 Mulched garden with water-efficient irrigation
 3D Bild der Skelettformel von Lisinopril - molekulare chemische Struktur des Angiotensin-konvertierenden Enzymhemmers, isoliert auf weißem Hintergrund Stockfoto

§ §

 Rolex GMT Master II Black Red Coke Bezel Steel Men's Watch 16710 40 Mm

§ §

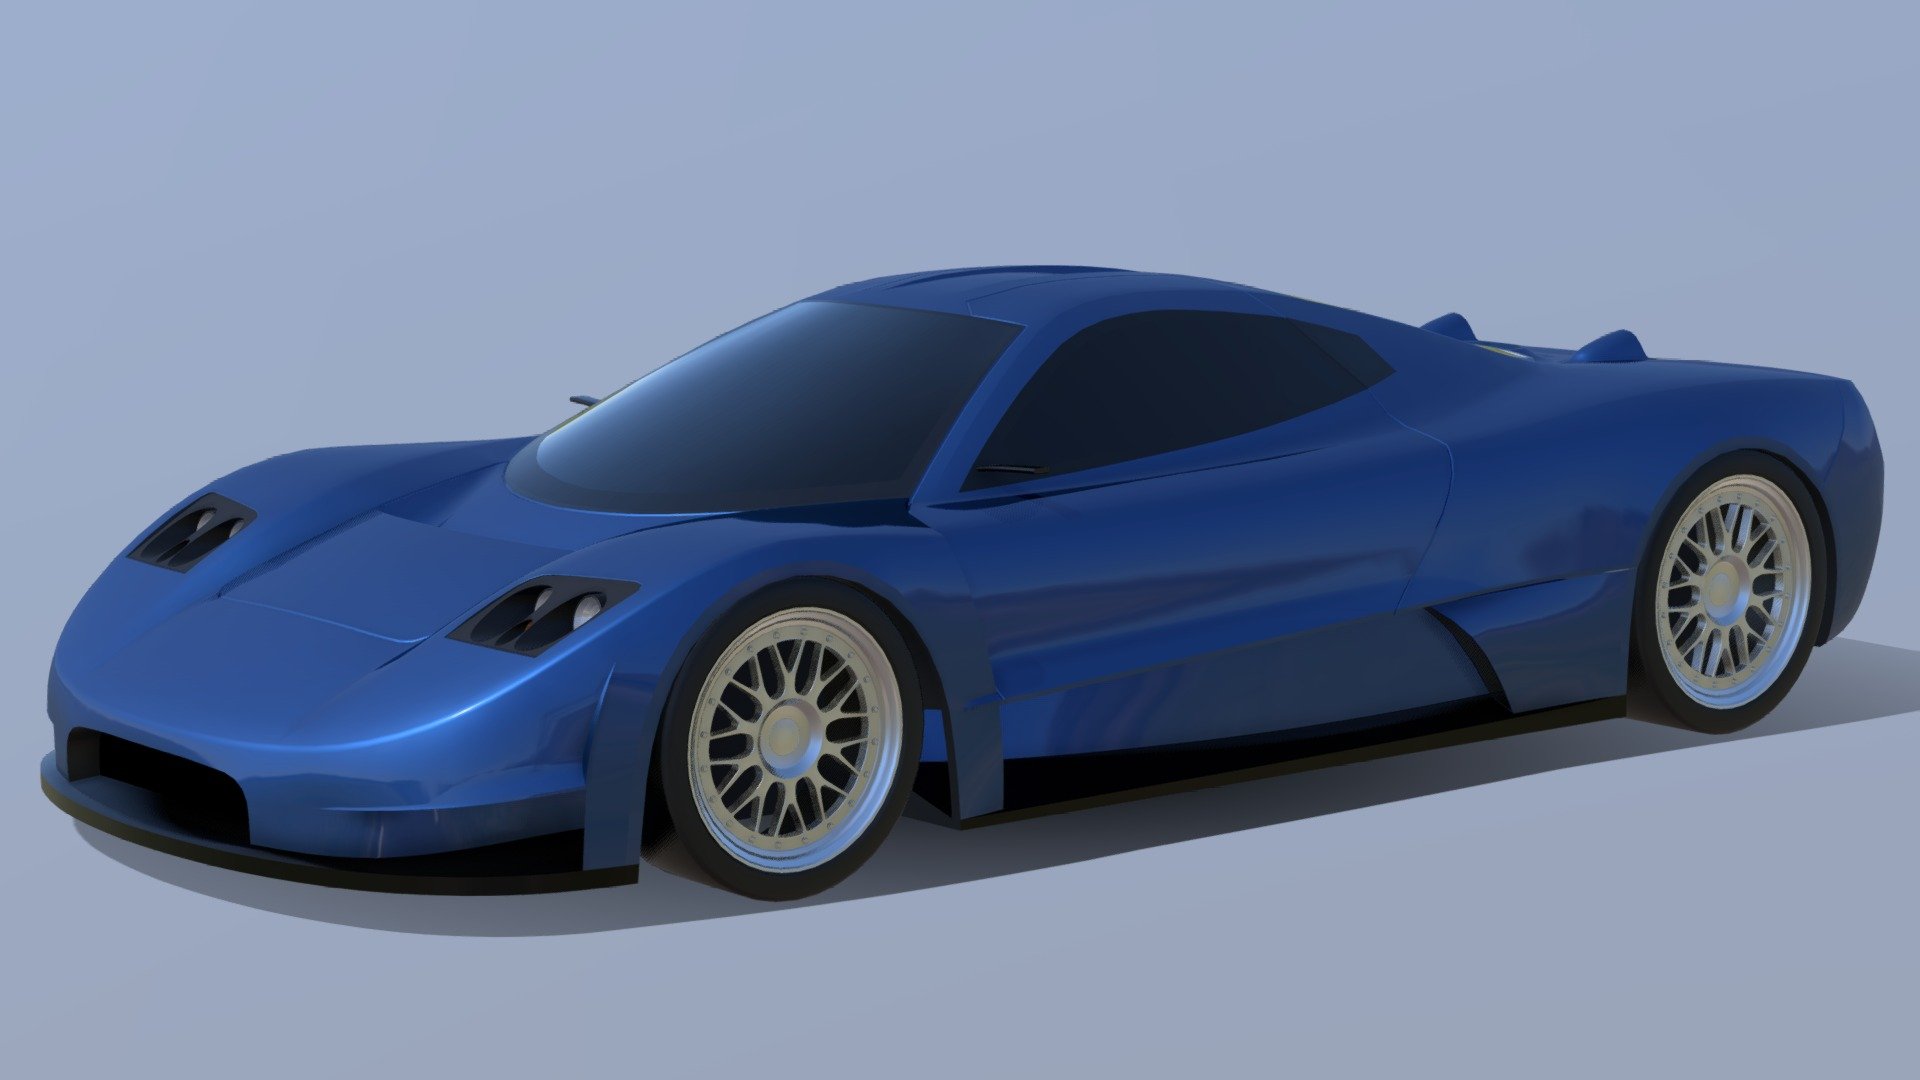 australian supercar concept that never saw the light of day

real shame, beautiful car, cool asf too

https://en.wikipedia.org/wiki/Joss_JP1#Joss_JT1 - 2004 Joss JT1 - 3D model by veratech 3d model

§ §

### Task goal
Go back to the listing above. Copy word for word the lines from the one with "Mulched garden with" through the one with "3D Bild der", and nothing more.

### Response below
 Mulched garden with water-efficient irrigation
 3D Bild der Skelettformel von Lisinopril - molekulare chemische Struktur des Angiotensin-konvertierenden Enzymhemmers, isoliert auf weißem Hintergrund Stockfoto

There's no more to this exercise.